EXERCISE INSTRUCTIONS → Everything in the listing below except the pictures should be reproduced exactly.

RAW DATA →
=== Section Start ===
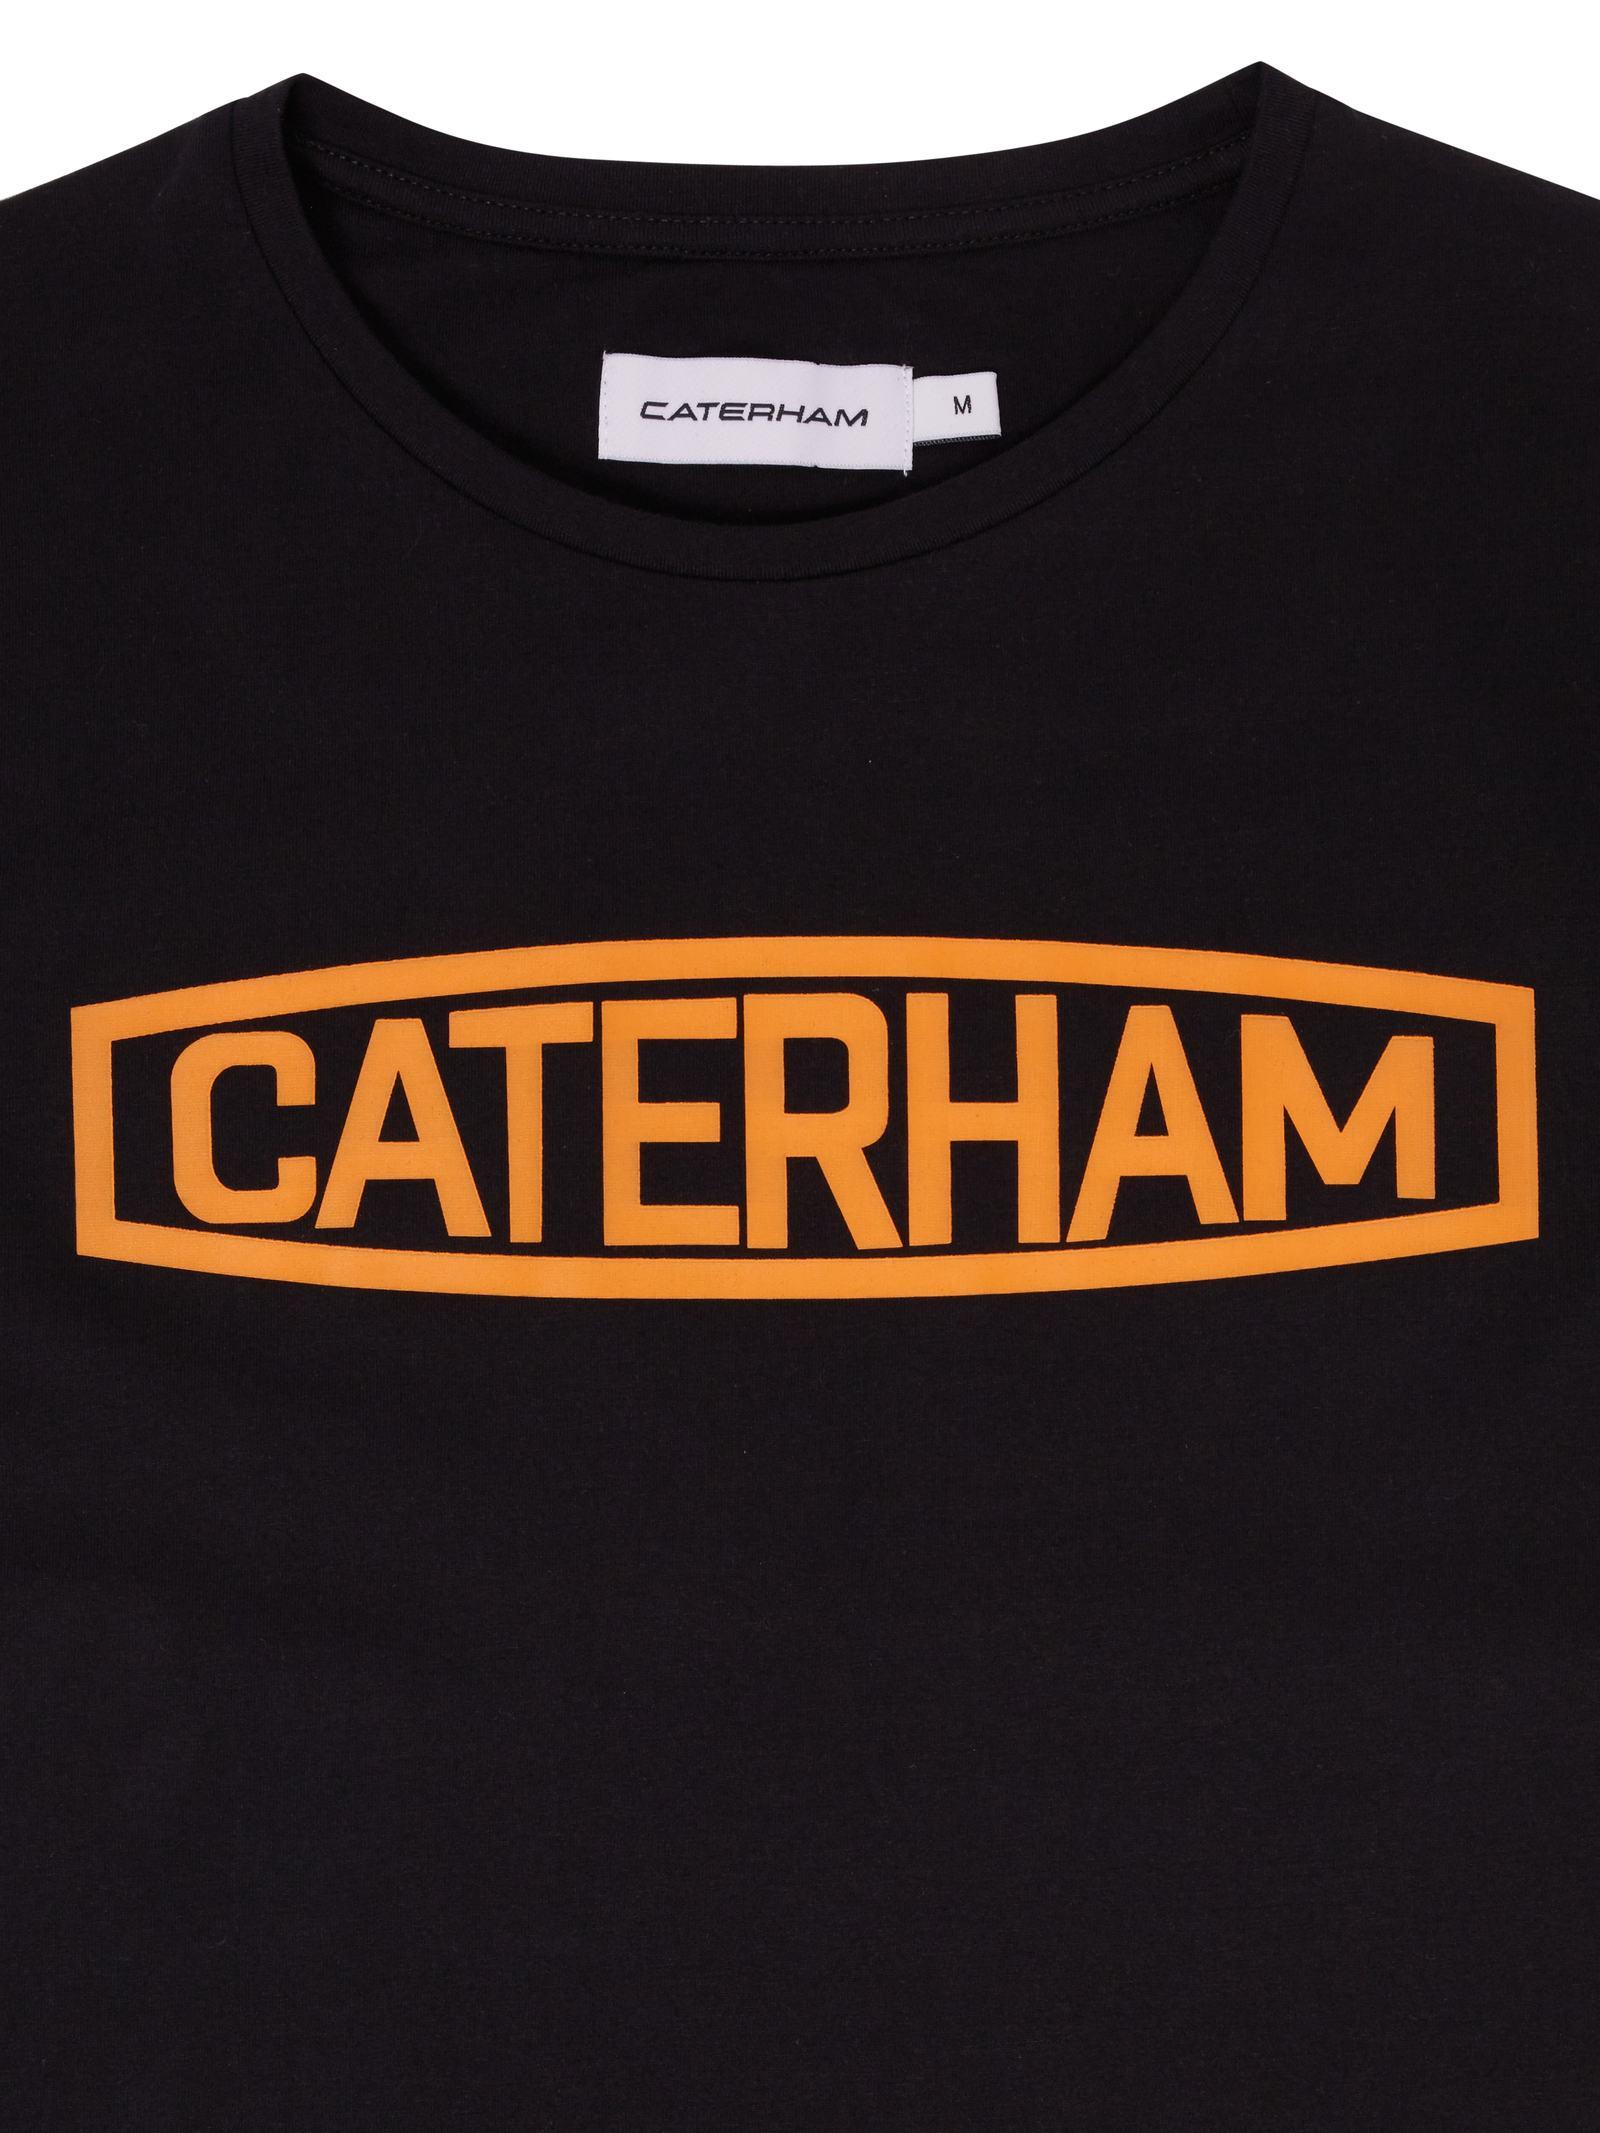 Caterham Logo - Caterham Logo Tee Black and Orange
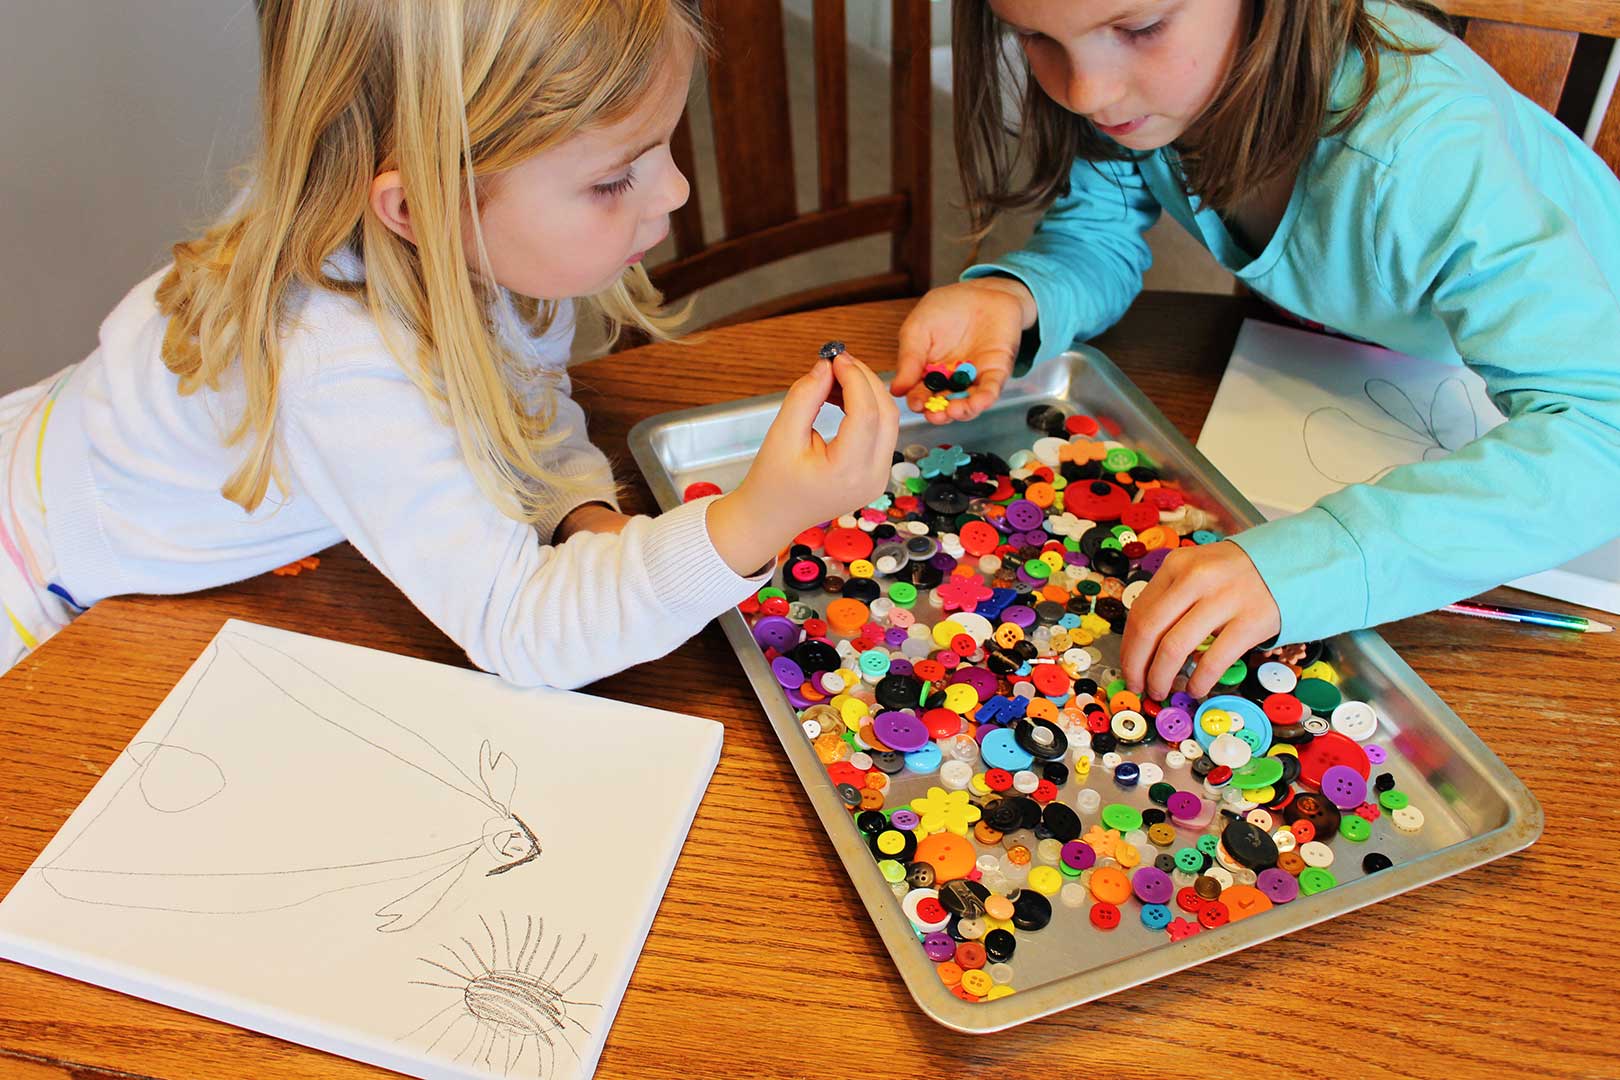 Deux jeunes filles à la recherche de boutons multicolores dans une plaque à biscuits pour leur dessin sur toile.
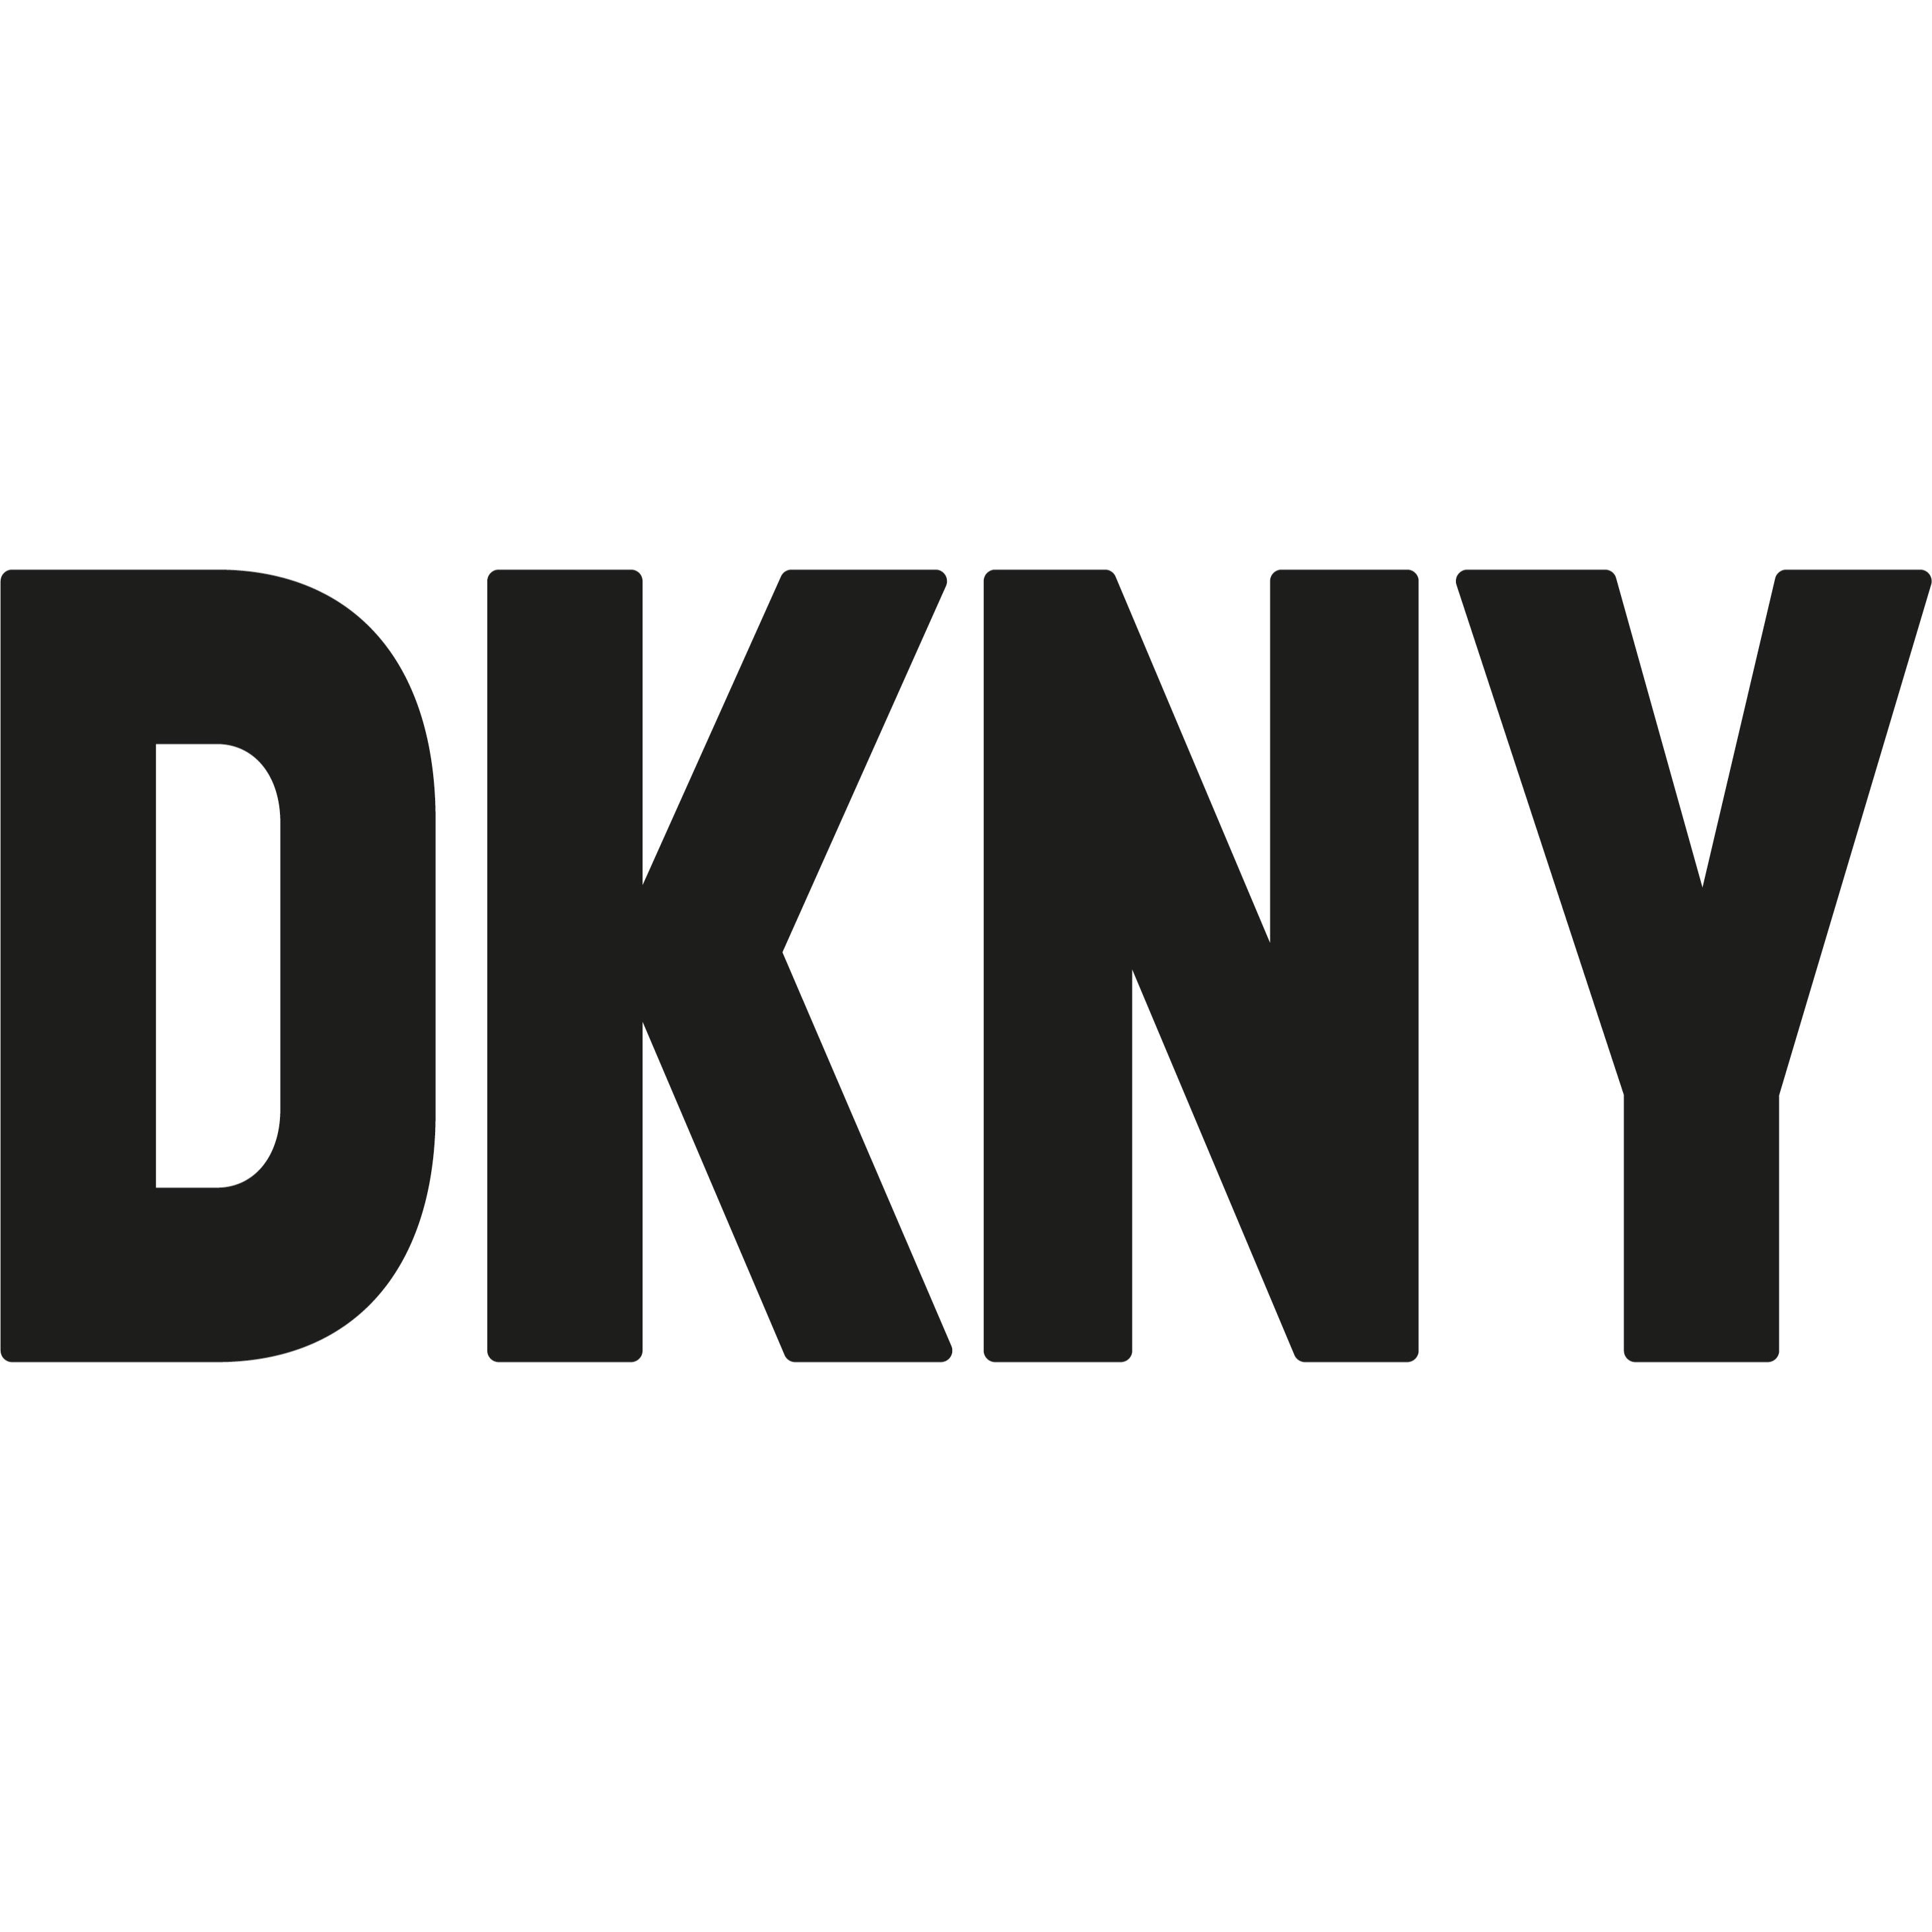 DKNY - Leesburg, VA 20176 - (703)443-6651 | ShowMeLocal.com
=== Section End ===
COMPLETED EXERCISE →
 Caterham Logo - Caterham Logo Tee Black and Orange
 Deux jeunes filles à la recherche de boutons multicolores dans une plaque à biscuits pour leur dessin sur toile.
 DKNY - Leesburg, VA 20176 - (703)443-6651 | ShowMeLocal.com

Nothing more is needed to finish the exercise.